* **Exercise brief**
Without any of the pictures, transcribe all the lines below exactly.

* **Supplied information**
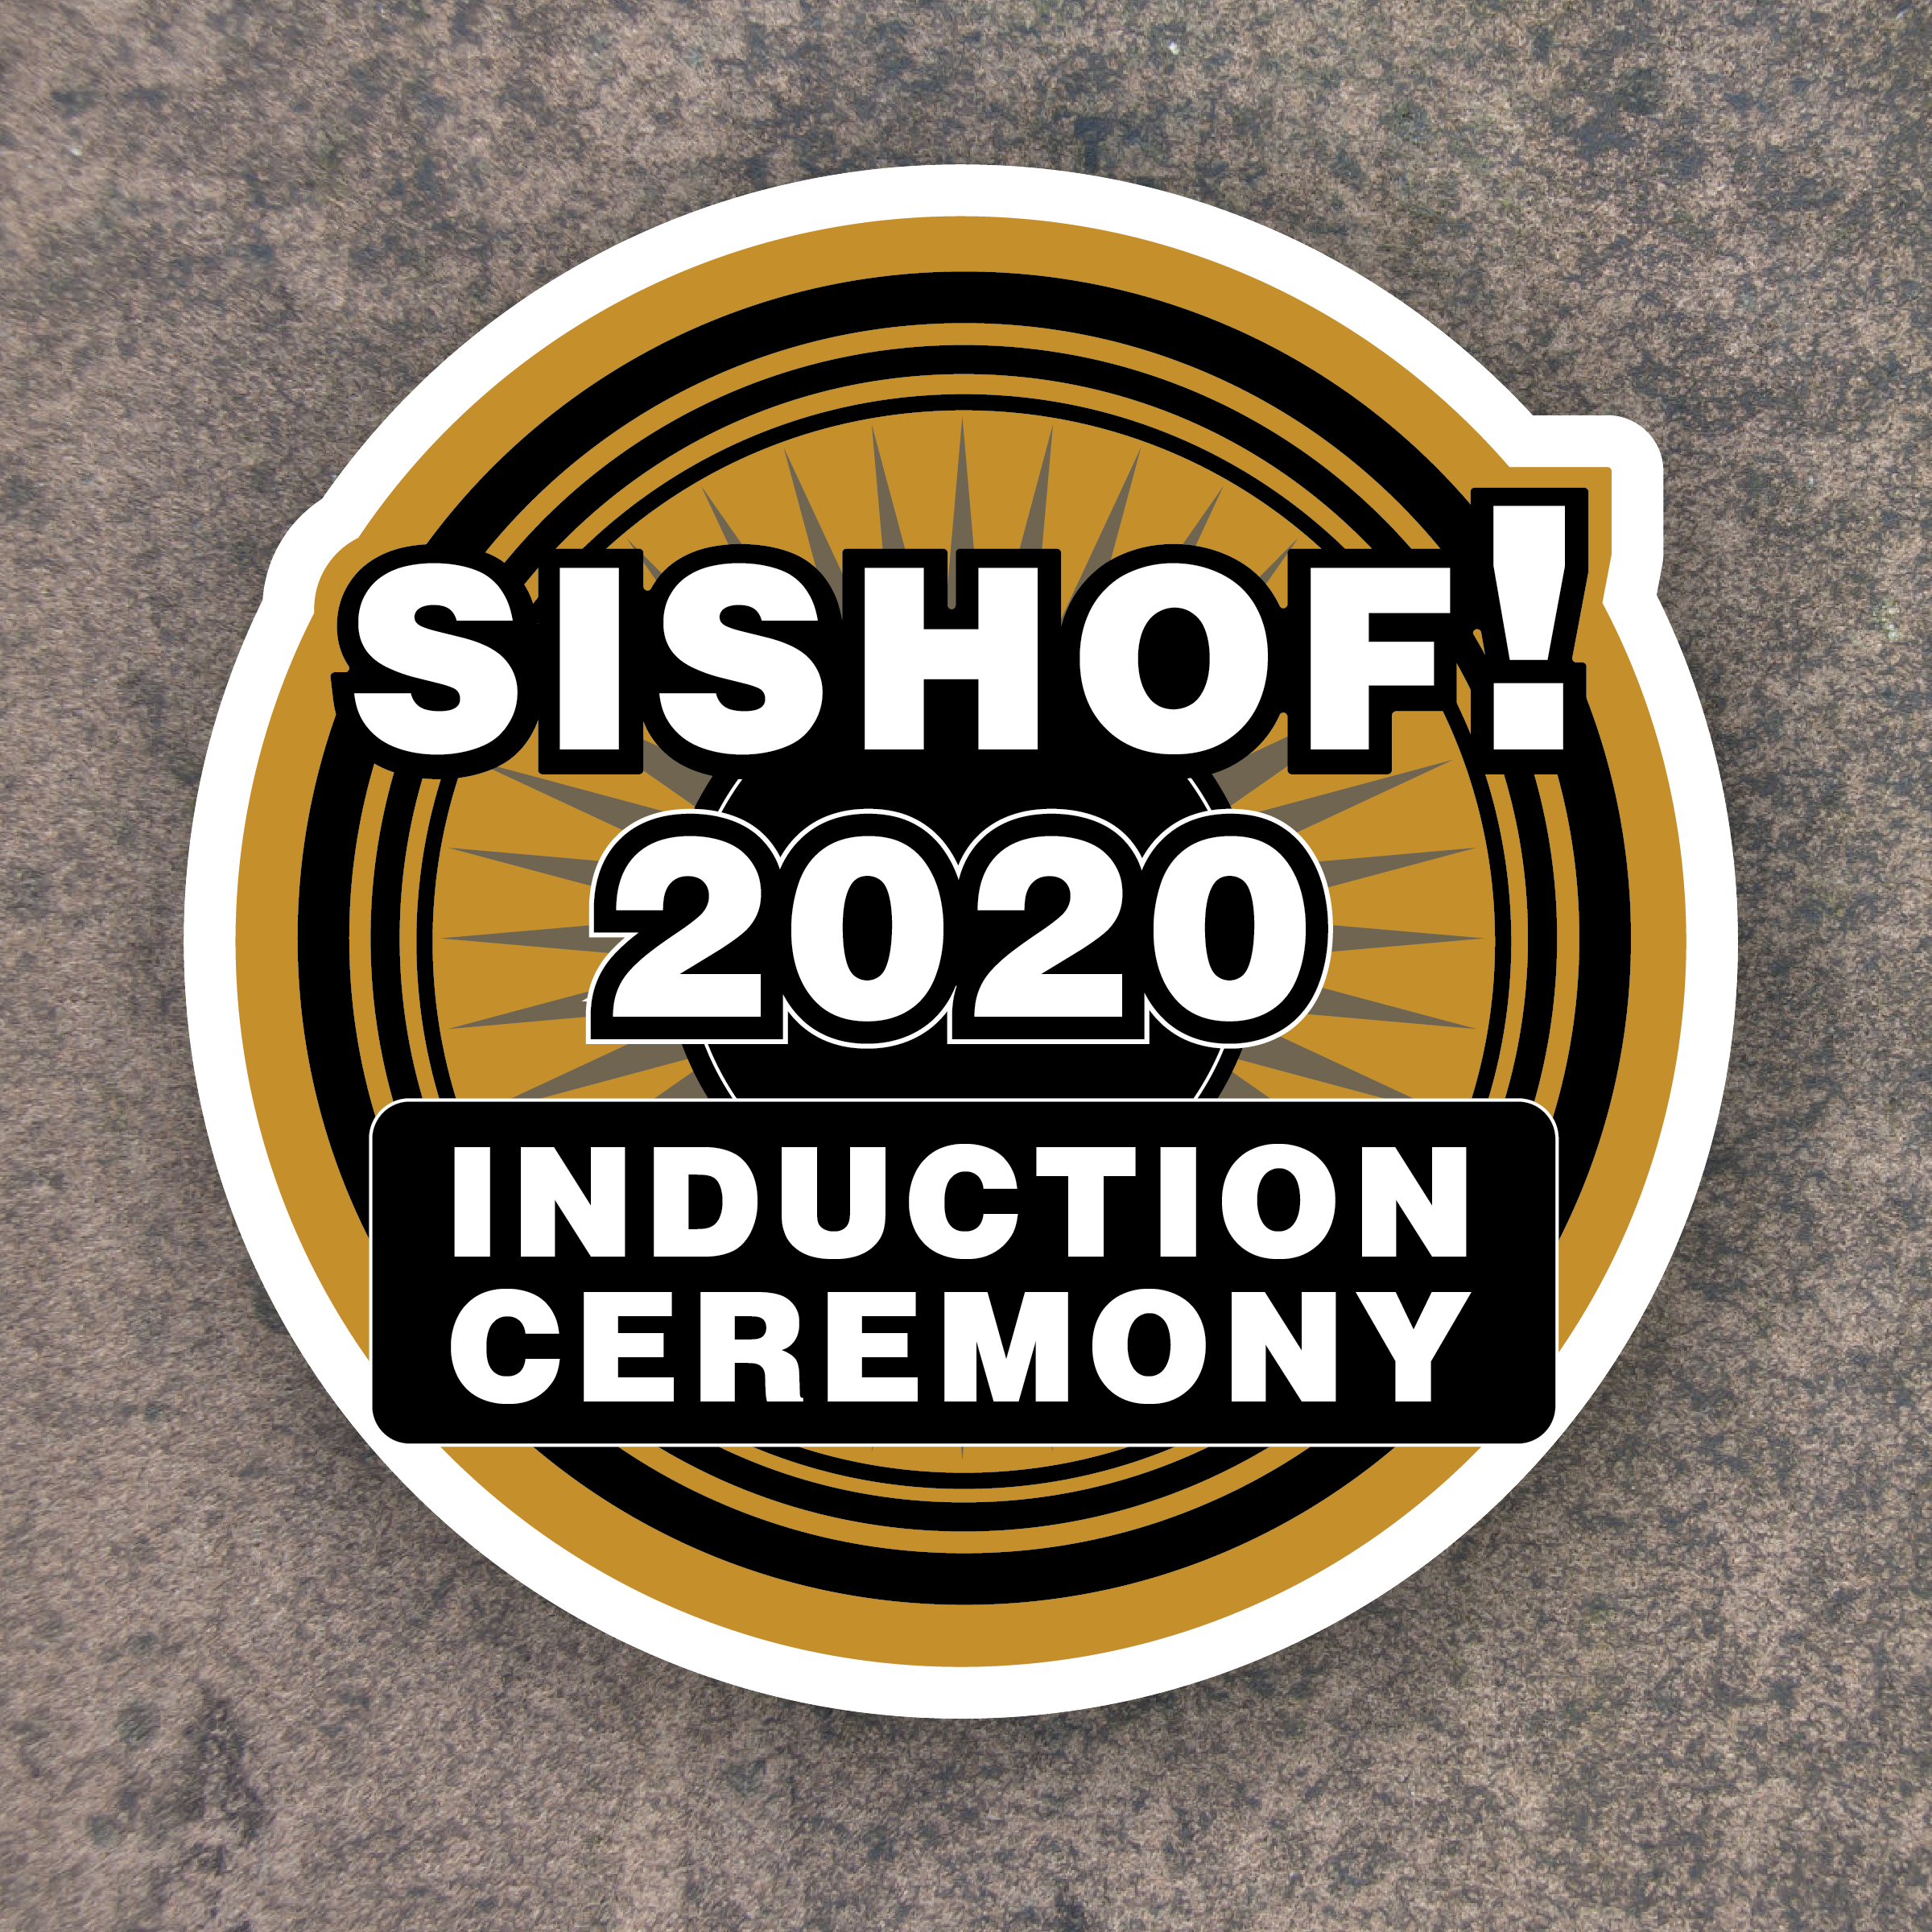 Staten Island Sports Hall of Fame 2020 Induction Ceremony Logo
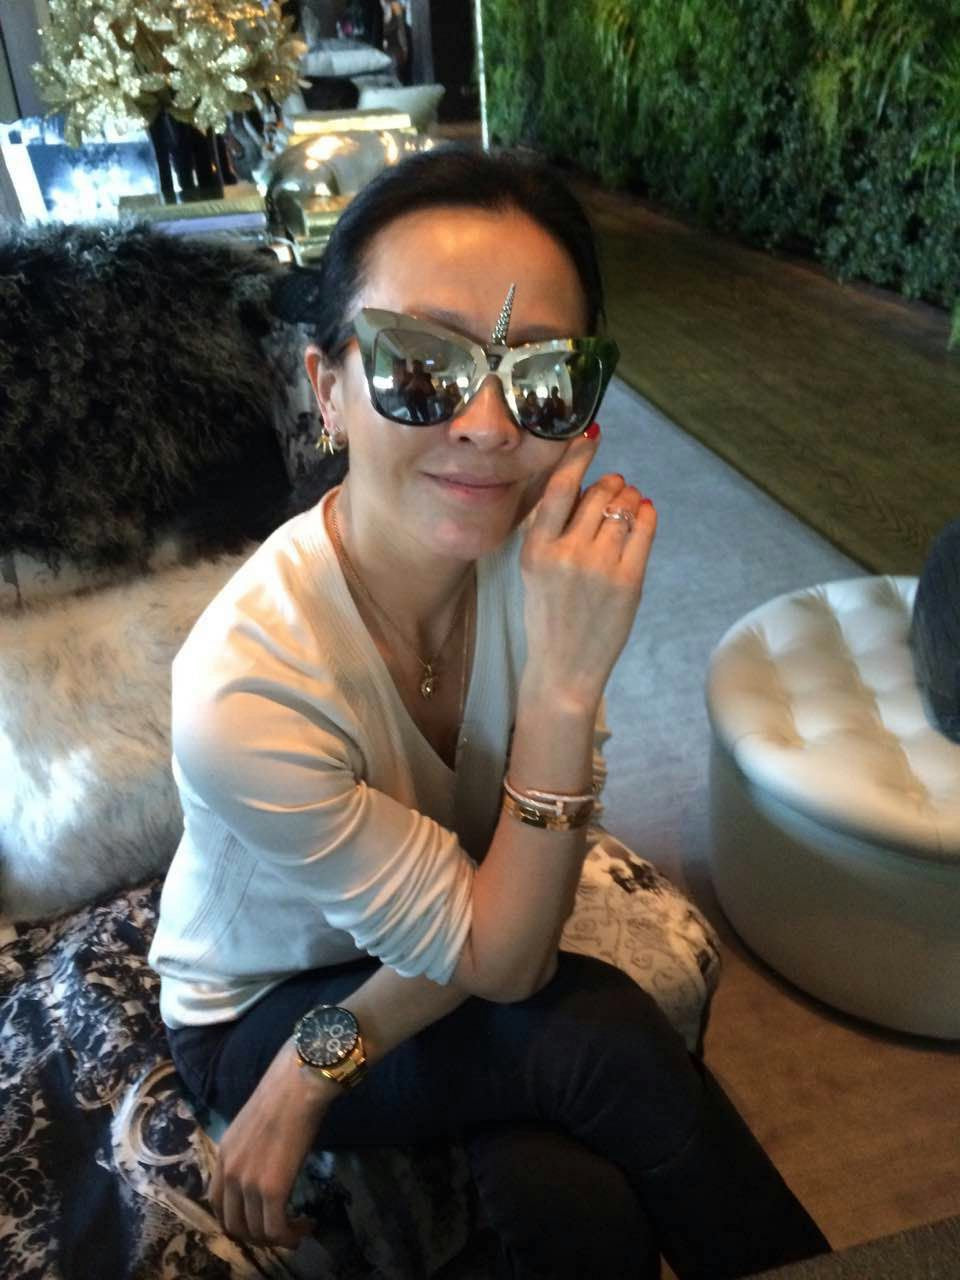 Actress Carina Lau 劉嘉玲 wears REVE by RENE unicorn I am the limited edition sunglasses
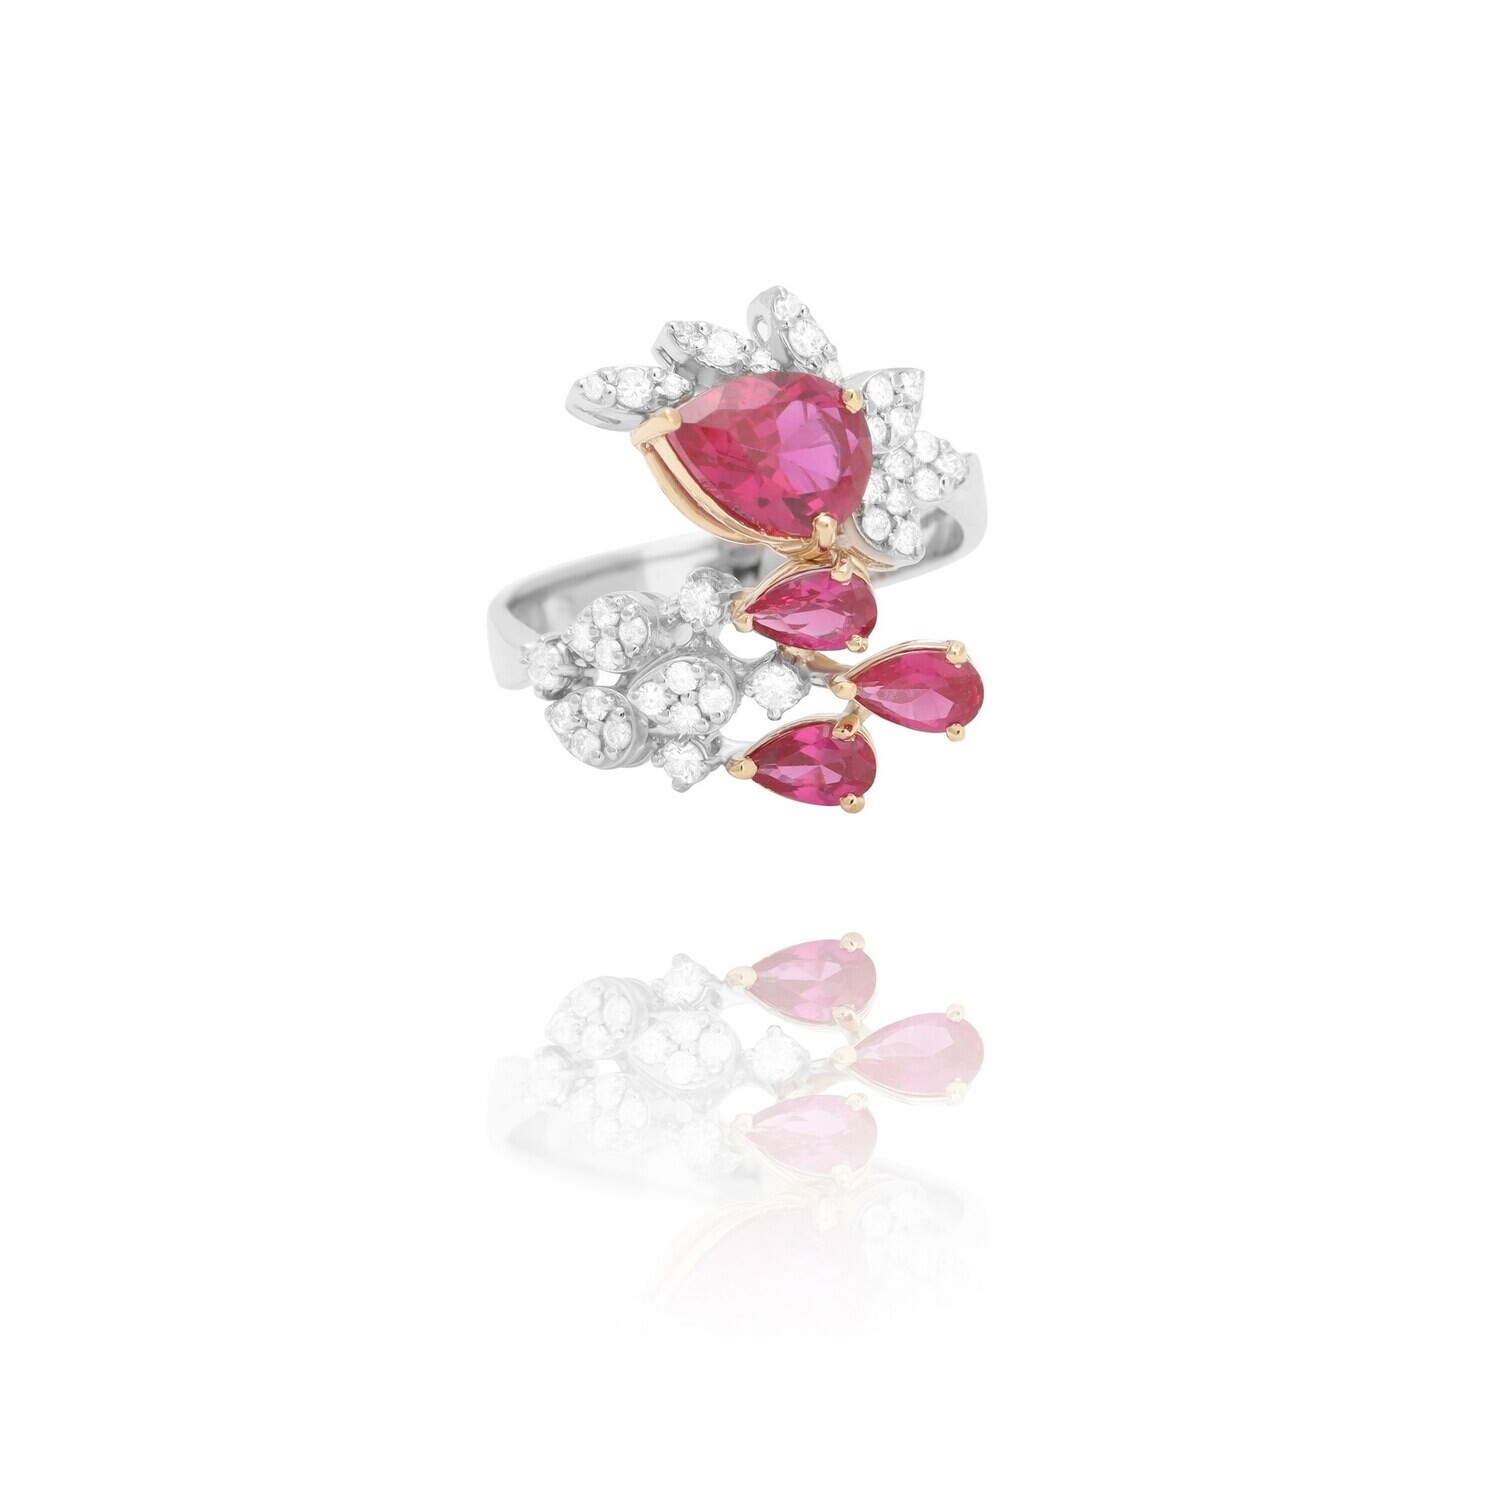 Eternal Diamond Ring with Pink Stones

* **Your response**
 Staten Island Sports Hall of Fame 2020 Induction Ceremony Logo
 Actress Carina Lau 劉嘉玲 wears REVE by RENE unicorn I am the limited edition sunglasses
 Eternal Diamond Ring with Pink Stones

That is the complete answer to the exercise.